27-го утром в Петербурге, по распоряжению майора Воейкова, был арестован капитан Пассек, один из главных заговорщиков. Об этом сообщил в «картежный притон» актер Шумский, проживавший у Пассека. Причина ареста осталась неизвестной.

На совещании «картежников» было решено увезти Екатерину не 29, а 28 на рассвете. Так посоветовал Кирилла Разумовский, вырвавшийся из Ораниенбаума вместе со своим ментором Тепловым под предлогом подтянуть измайловцев. Теплова усадили за сочинение манифеста и присяги. Ввиду возможного в дороге обыска со стороны голштинцев, писанный манифест везти побоялись. Федор Волков выучил его наизусть, чтобы записать для императрицы по прибытии на место. Манифест начинался словами: «Всем прямым сынам отечества Российского явно оказалось» и заканчивался так: «…вступили на престол наш всероссийский и самодержавный, в чем все наши верноподданные присягу нам торжественно учинили».

С наступлением сумерек Елена Павловна и Волковы должны были отправиться в карете Олсуфьевой предупредить Екатерину. В «Красном кабачке» карету или только лошадей надлежало переменить. Рассчитали, что вскоре после полуночи они должны быть в Петергофе.

Караулы у городских застав несли гвардейцы. Ни в город, ни из города уже никого не пропускали без особого разрешения. За черту города карету Олсуфьевой проводили офицер конной гвардии Баскаков и унтер-офицер Преображенского полка Державин.

У «Красного кабачка» карету встретил Потемкин. Распорядился переменить лошадей. Отпустил с двумя конными провожатыми.

Не доезжая с полверсты до Петергофского парка, карета свернула с дороги в лесок, как было условлено. Елена Павловна и Волковы вышли из кареты. С моря надвигался туман. Было сыро и довольно прохладно.

— Туман. Какое счастье! — сказал Григорий Волков. — Ты, Федя, знаешь как? Берегом, мимо осокорей. У самого павильона изгородь по воде обойди.

— Знаю, знаю. Все знаю, — ответил Федор.

— Ну, так, — сказал Григорий, целуя брата. — А нам с Андроном придется часика два поскучать до прибытия Григория Григорьевича.

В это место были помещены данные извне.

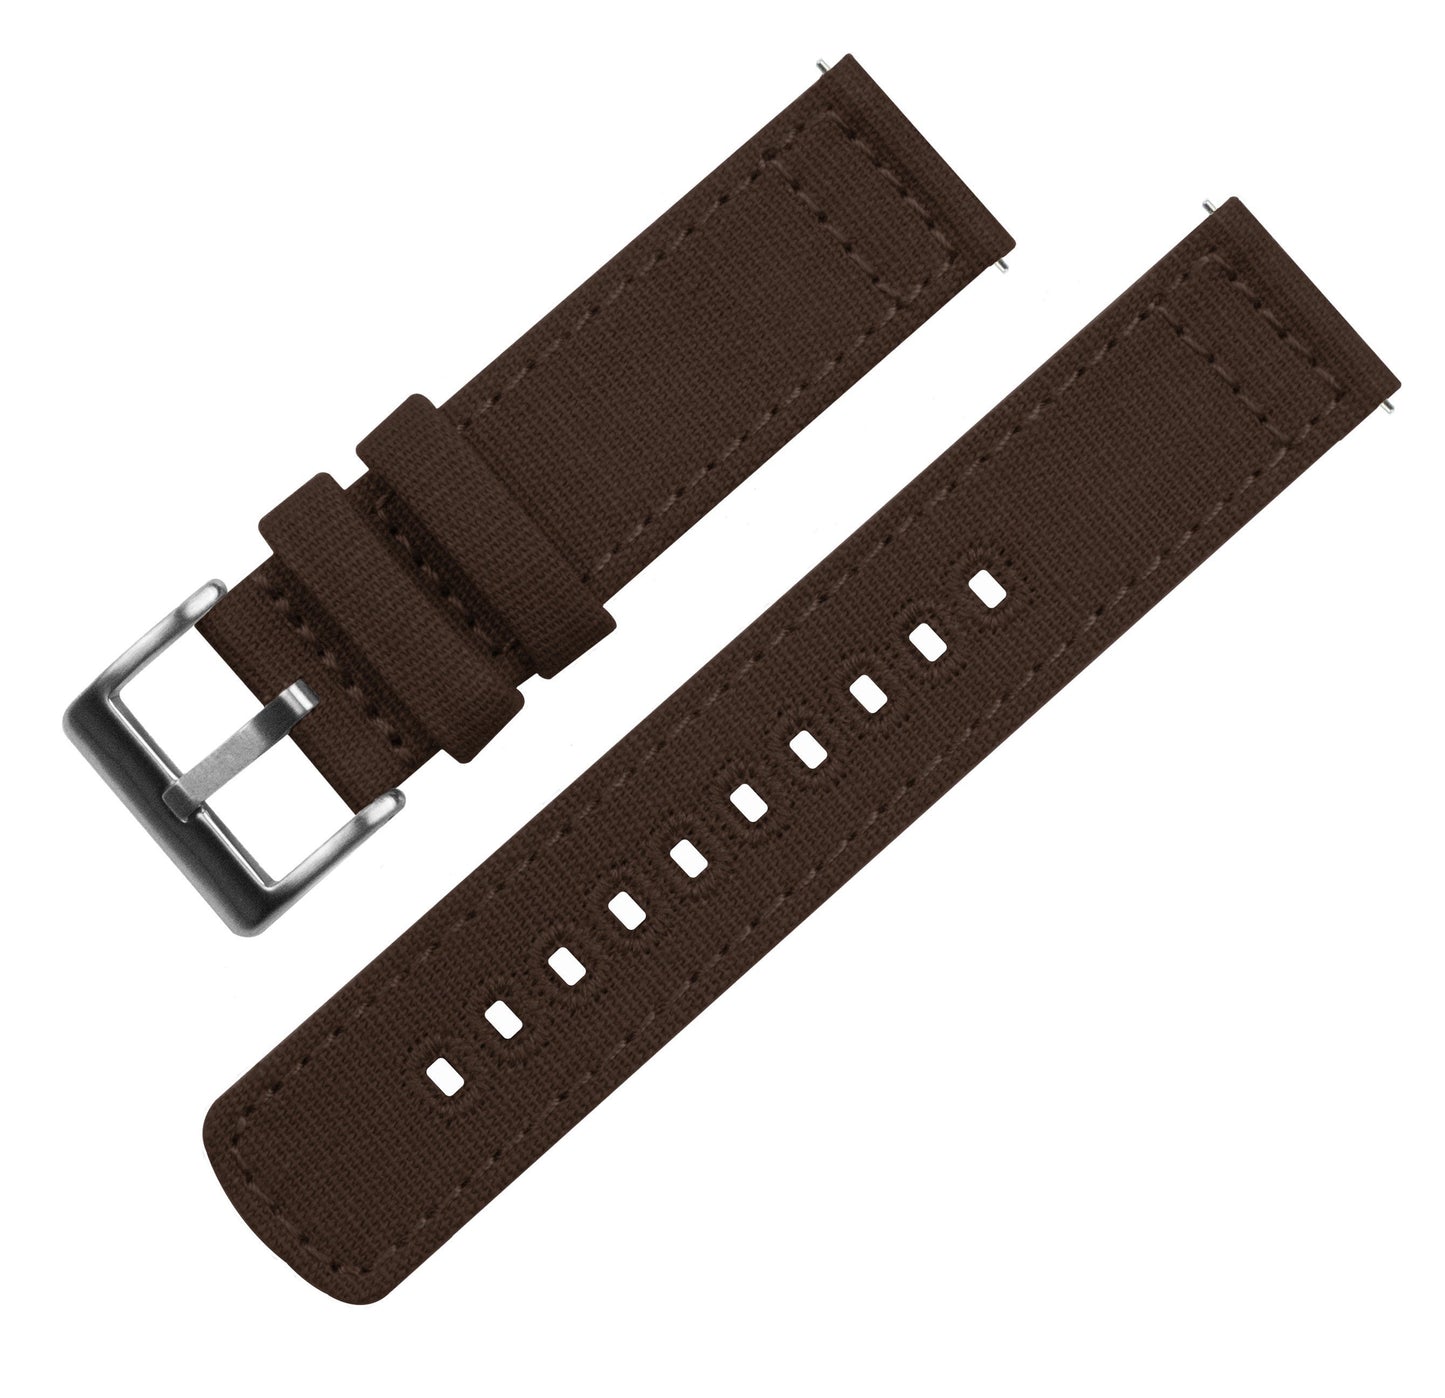 Samsung Galaxy Watch Active | Chocolate Brown Canvas - Barton Watch Bands
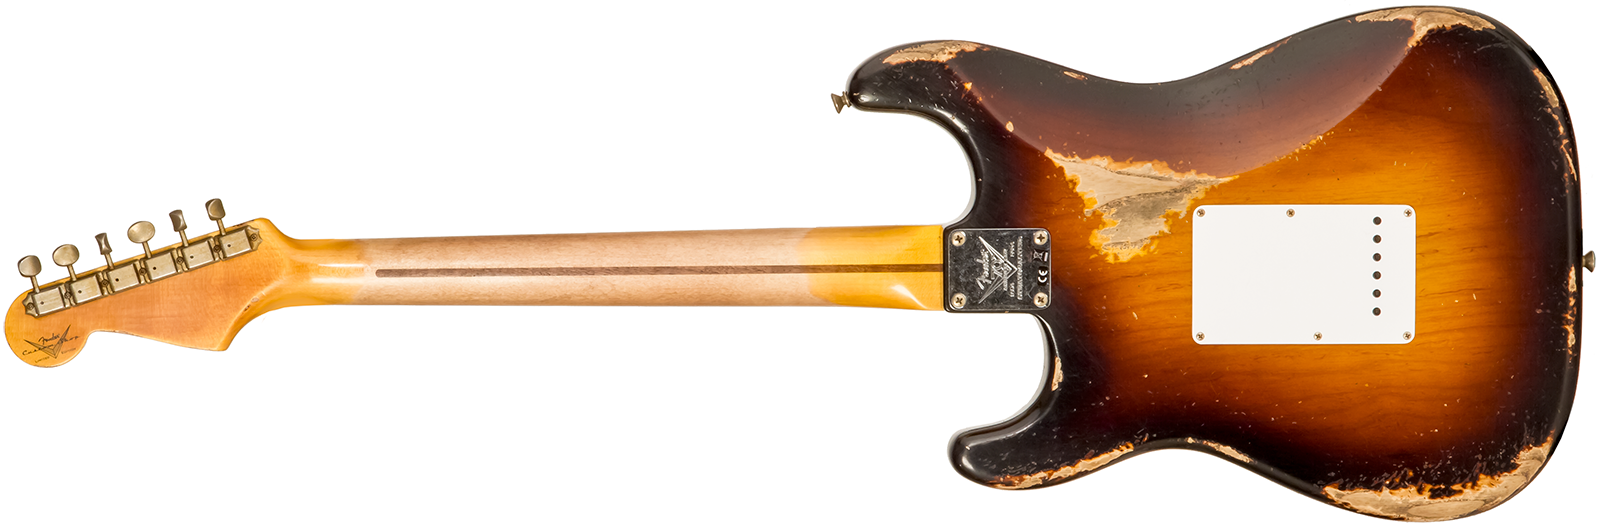 Fender Custom Shop Strat 1954 70th Anniv. 3s Trem Mn #xn4324 - Heavy Relic Wide Fade 2-color Sunburst - Str shape electric guitar - Variation 1

— Вашего тезки, — улыбнулась Елена Павловна.

— А ведь и впрямь. И я Григорий Григорьевич. Сколько в этом деле Григорьевичей-то?

Волков и Олсуфьева пошли по еле заметной, заросшей высокой травой росистой тропинке, по направлению к нижнему парку. Местами, в ложбинках, туман стоял сплошной завесой. Елена Павловна была одета в темное, в мужском плаще внакидку. Не доходя немного до ограды парка, она сказала:

— Ну, милый, тебе — направо, мне — налево. Возьми-ка плащ и шляпку. Ведь я вышла всего лишь час тому назад на тайное любовное свиданье… Сие не может быть поставлено в серьезную вину даже фрейлине императрицы. Как ты думаешь, в Голштинии фрейлины ходят на ночные свиданья? Наверно, ходят. Оные проказливые особы везде одинаковы. А ноги-то я совсем промочила. Вот как, выше колен.

— И я сейчас промочу; придется в воду лезть, — засмеялся Федор.

— Ты разуйся. Удобнее будет. Помни, если нарвешься на кого из этих немецких рыцарей, говори — приходил на свиданье со мною. Я не отопрусь. Ну, поцелуй меня.

Олсуфьева пошла к парковым воротам, мурлыча про себя какую-то немецкую песенку. Федор свернул вправо, к берегу туманного залива, в который, как в белую стену, упиралась изгородь.

Павильон «Монплезир» также был полузакрыт туманом, однако отчетливо виднелся на сероватом фоне.

В спальне императрицы довольно ярко светилось окно. На опущенной наглухо белой шторе время от времени мелькал характерный профиль императрицы с высокой прической. Она прохаживалась по комнате, часто закидывая руки за голову свойственным ей и всем давно примелькавшимся движением. Свечи стояли сзади, и на шторе ясно была видна игра этих китайских теней.

На повороте дорожки, за открытой боскетной беседкой, расположился караул, очевидно, с целью наблюдения за спальней императрицы. Здесь было тихо, но Олсуфьева еще издали заметила притаившиеся подозрительные тени, как замечала их уже неоднократно в предыдущие ночи в разных углах парка.

Сделала вид, будто ничего не видит, и пошла мелкими шажками, оправляя складки платья и слегка напевая:

«Ach, mein lieber Augustin, Augustin, Augustin…» [89]

Ей молча преградил дорогу тучный немецкий офицер.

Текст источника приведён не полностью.